Markovic Danijela, Grammatopoulos Dimitris K
GPCR Pathophysiology Group, Division of Endocrinology and Metabolism, Clinical Sciences Research Institute, Warwick Medical School, University of Warwick, Gibbet Hill Road, Coventry CV4 7AL, UK.
Trends Biochem Sci. 2009 Sep;34(9):443-52. doi: 10.1016/j.tibs.2009.06.002. Epub 2009 Sep 3.

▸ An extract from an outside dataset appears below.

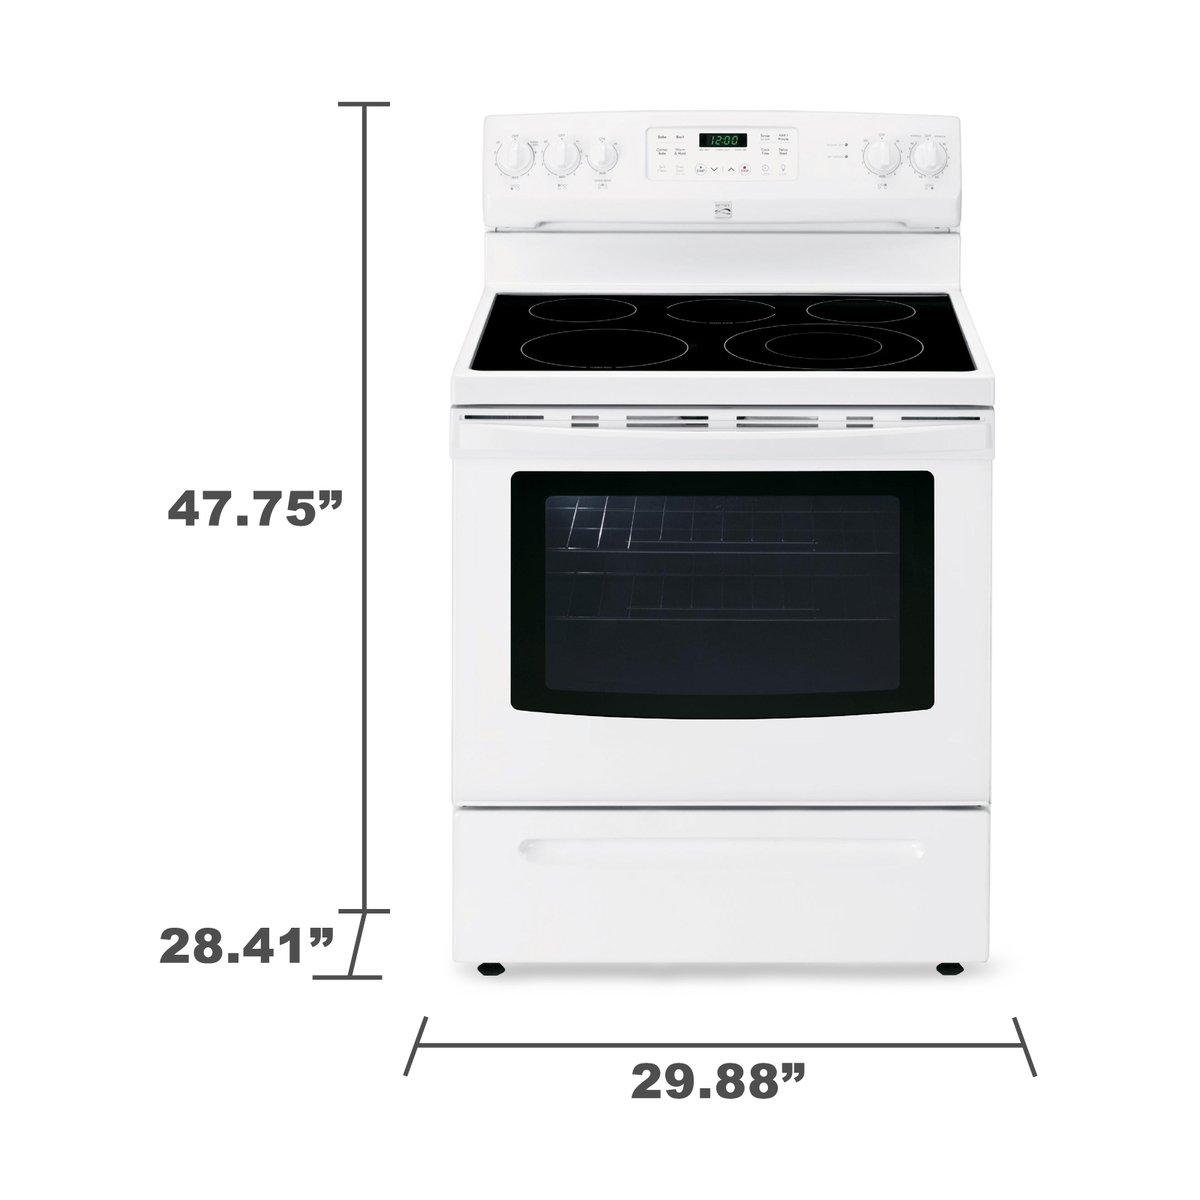 amazon com kenmore 2294199 2294192 02294192 self clean electric rh amazon com Oven Toaster Kenmore 100.8000990A Oven Toaster Kenmore 100.8000990A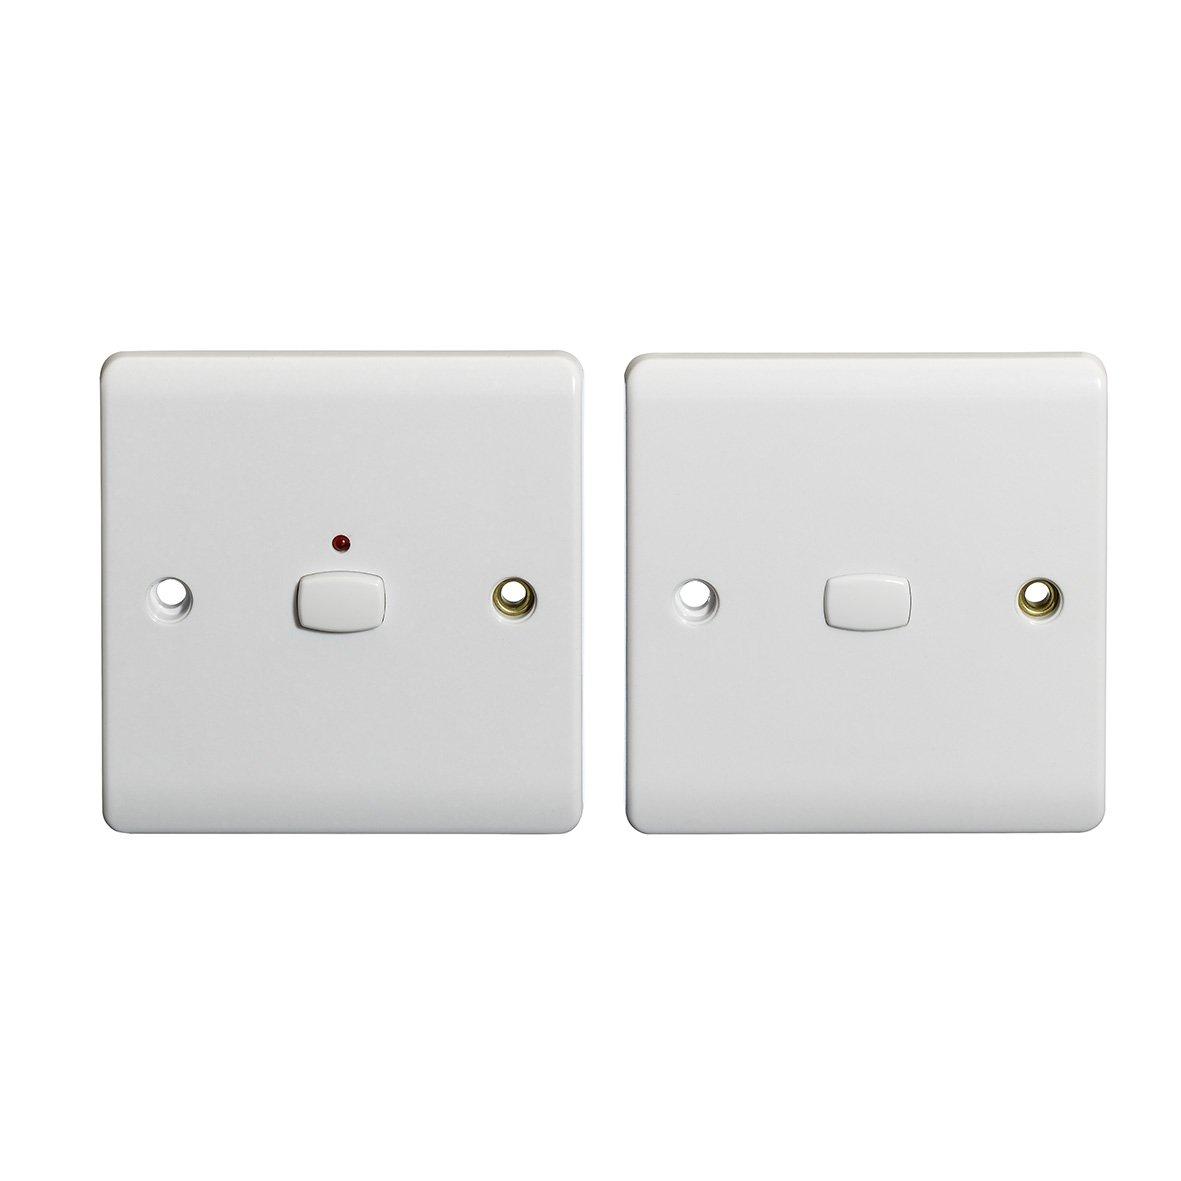 Energenie MIHO043 Alexa Compatible MiHome 2-Way Light Switch, 250 W ...

The family of G-protein coupled receptors (GPCRs) is one of the largest protein families in the mammalian genome with a fundamental role in cell biology. GPCR activity is finely tuned by various transcriptional, post-transcriptional and post-translational mechanisms. Alternative pre-mRNA splicing is now emerging as a crucial process regulating GPCR biological function. Intriguingly, this mechanism appears to extensively target the Secretin family of GPCRs, especially the exon that encodes a 14 amino acid sequence that forms the distal part of 7th transmembrane helix, and exhibits an unusually high level of sequence conservation among most Secretin GPCRs. Do the "TMD7-short" receptor variants have a role as novel regulators of GPCR signallng and, if so, what are the implications for hormonal actions and physiology?
G蛋白偶联受体(GPCRs)家族是哺乳动物基因组中最大的蛋白质家族之一,在细胞生物学中具有重要作用。GPCR的活性通过各种转录、转录后和翻译后机制进行精细调节。可变前体mRNA剪接正逐渐成为调节GPCR生物学功能的关键过程。有趣的是,这种机制似乎广泛作用于GPCR的促胰液素家族,特别是编码形成第7个跨膜螺旋远端部分的14个氨基酸序列的外显子,并且在大多数促胰液素GPCR中表现出异常高的序列保守性。“TMD7-短”受体变体是否作为GPCR信号传导的新型调节因子发挥作用,如果是,对激素作用和生理学有何影响?